2. I think the younger larvae are probably more robust for handling, and that may be a difference.

3. In contrast to what I wrote above, I think the large producers (I've seen slide shows from Miksa) all use carefully timed confining of queens, and use very young larvae. I also think that (based in part on the Miksa photos), those doing hundreds a day every day are using more traditional grafting tools, not the chinese one. ..I'd make the analogy of doing CAD (computer aided design)....if you do a little of it, you use the mouse a lot....if you do a lot of it, you use keyboard shortcuts (which are more clunky to learn but faster to use). Once you are timing the eggs, getting them at a young age is just as easy as getting them when older.

4. I graft from the youngest larvae I can, but I'm not sure it is necessary (it may be more resilient to mechanical manipulation, temp, and environment disruption). I've also been doing most of my queen cell planting 48 hours after grafting (before cell is capped).


----------



## deknow

I just tend to graft from well fed larvae that don't yet look 'chubby'.


----------



## deknow

Another observation that might be useful to others.

I purchased a large magnifier (mounted to the table with an articulating arm) with a ring of LED's for lighting.

The reflection of the individual LED's in the pool of jelly resembles the slightly segmented body of the young larvae (at least to my eyes). Probably a diffuser of some kind would help with this problem, but I found it very hard to see what was going on.


----------



## AstroBee

David LaFerney said:


> I know that the conventional wisdom is that smaller/younger is better for grafting, but I wonder if this is based on any *real* science?


Not sure if you consider this real science, but it may be worth a quick scan.
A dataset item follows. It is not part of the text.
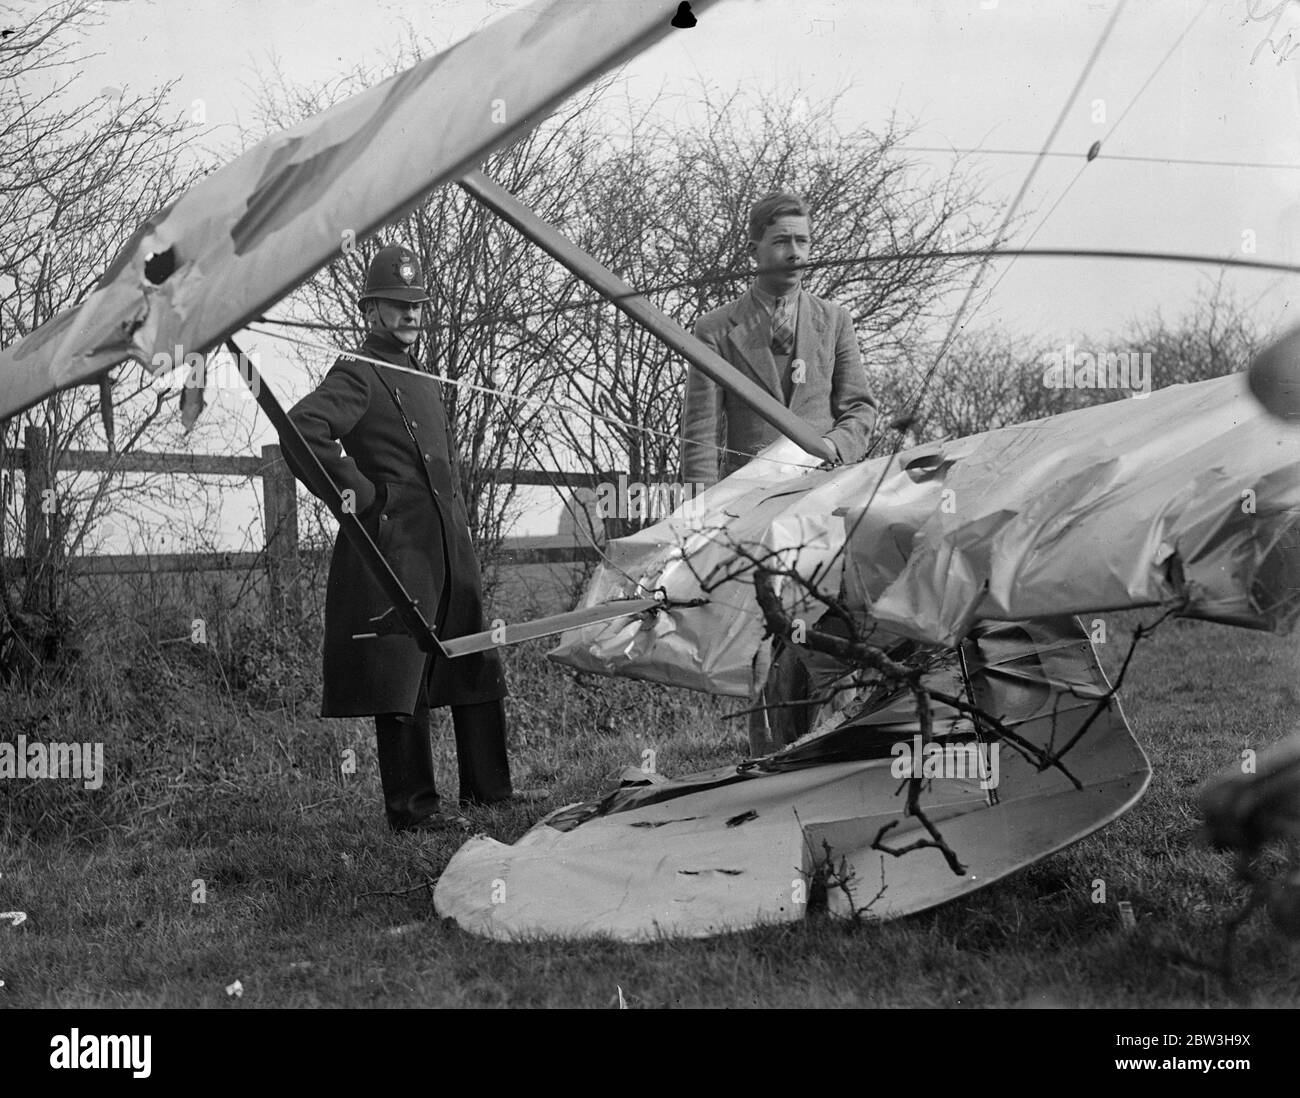 Plane , piloted by 22 year old Londoner hits tree and crashes into field in Essex . The pilot , Mr John Everett Ray , looking into the cockpit of his damaged plane . 19 March 1935 Stock Photo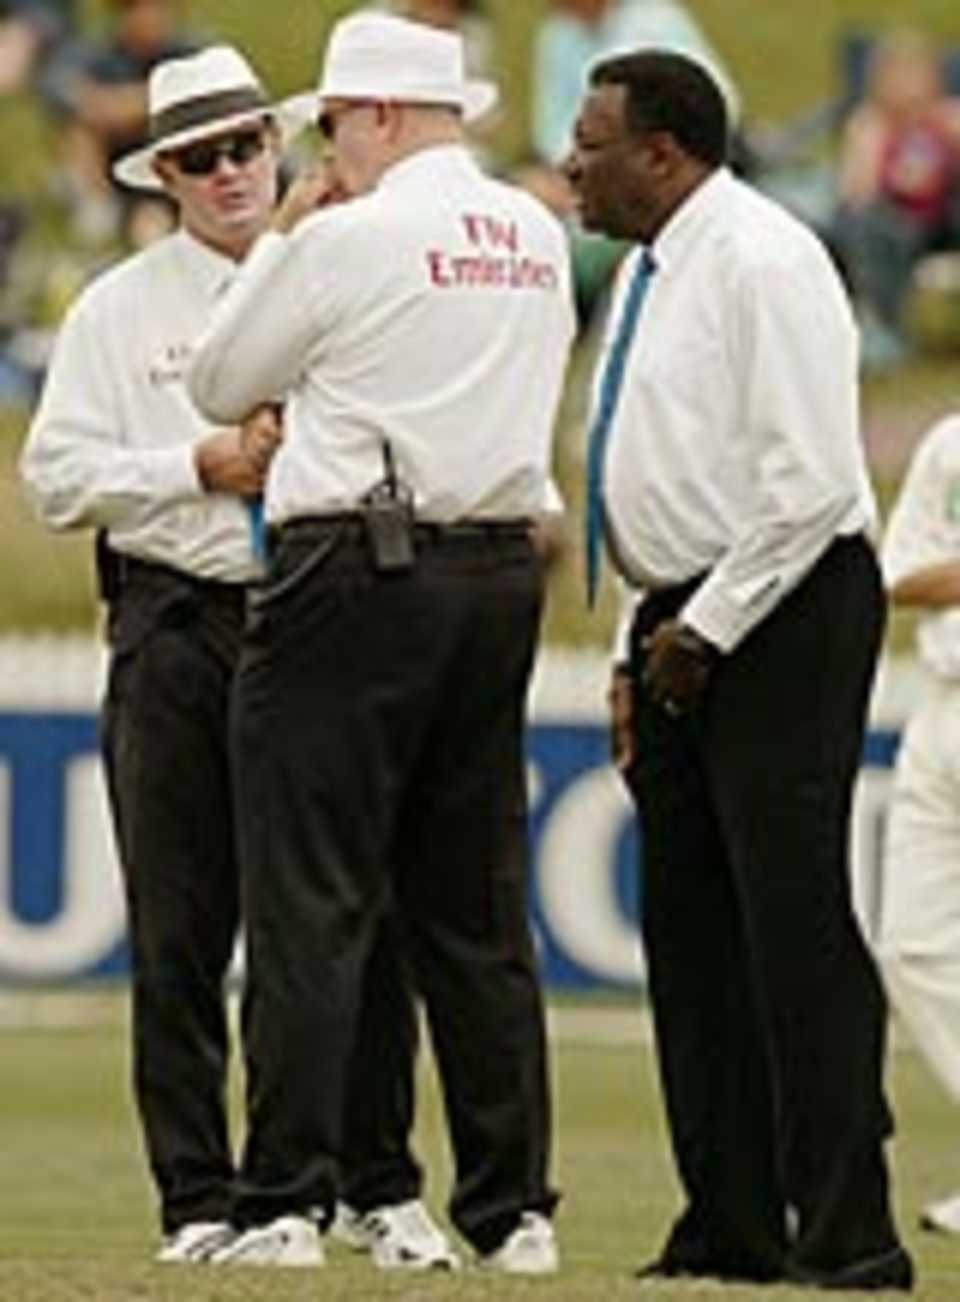 Clive Lloyd discusses the state of the pitch with umpires Russel Tiffin and Steve Davis

http://www.apiservices.com/articles/us/grafting.htm

I totally agree that 2 or 3 day old are far easier, but no one ever said this should be easy  

I target the absolutely smallest larvae possible. I'm jealous of those who claim that the Chinese tool is so easy, but after trying numerous times, over many years, I've totally given up on that tool. What I've found is that if you want to lift 2-3 day old with the Chinese tool it is pretty easy, but REALLY small larvae I find it very awkward and wind up wasting many. I find two things very helpful: 1) get the grafting frame well-fed in a cell builder 1 day prior to grafting, and 2) use the JZ-BZ tool. I really like the rigidity of the tool the ability to really scrape the bottom of the cells if needed. It also provides good feedback to your fingers when touch something, which is not the case with the Chinese tool. At the end of the day, use the tool that works for you, but try several before you decide the best. I've also heard that not all Chinese tools are equal, but I have about a dozen and they all stink. I got to conclude that it’s just the operator...


----------



## Michael Palmer

deknow said:


> ...and this is getting the grafting tool under the larva:


I would prefer to see you pick up the larva from the convex side and not the concave side.


----------



## deknow

I understand having a preference. In my own experience I haven't noticed a difference. If I were to really think about it, I could probably come up with some good (sounding) reasons for doing it either way.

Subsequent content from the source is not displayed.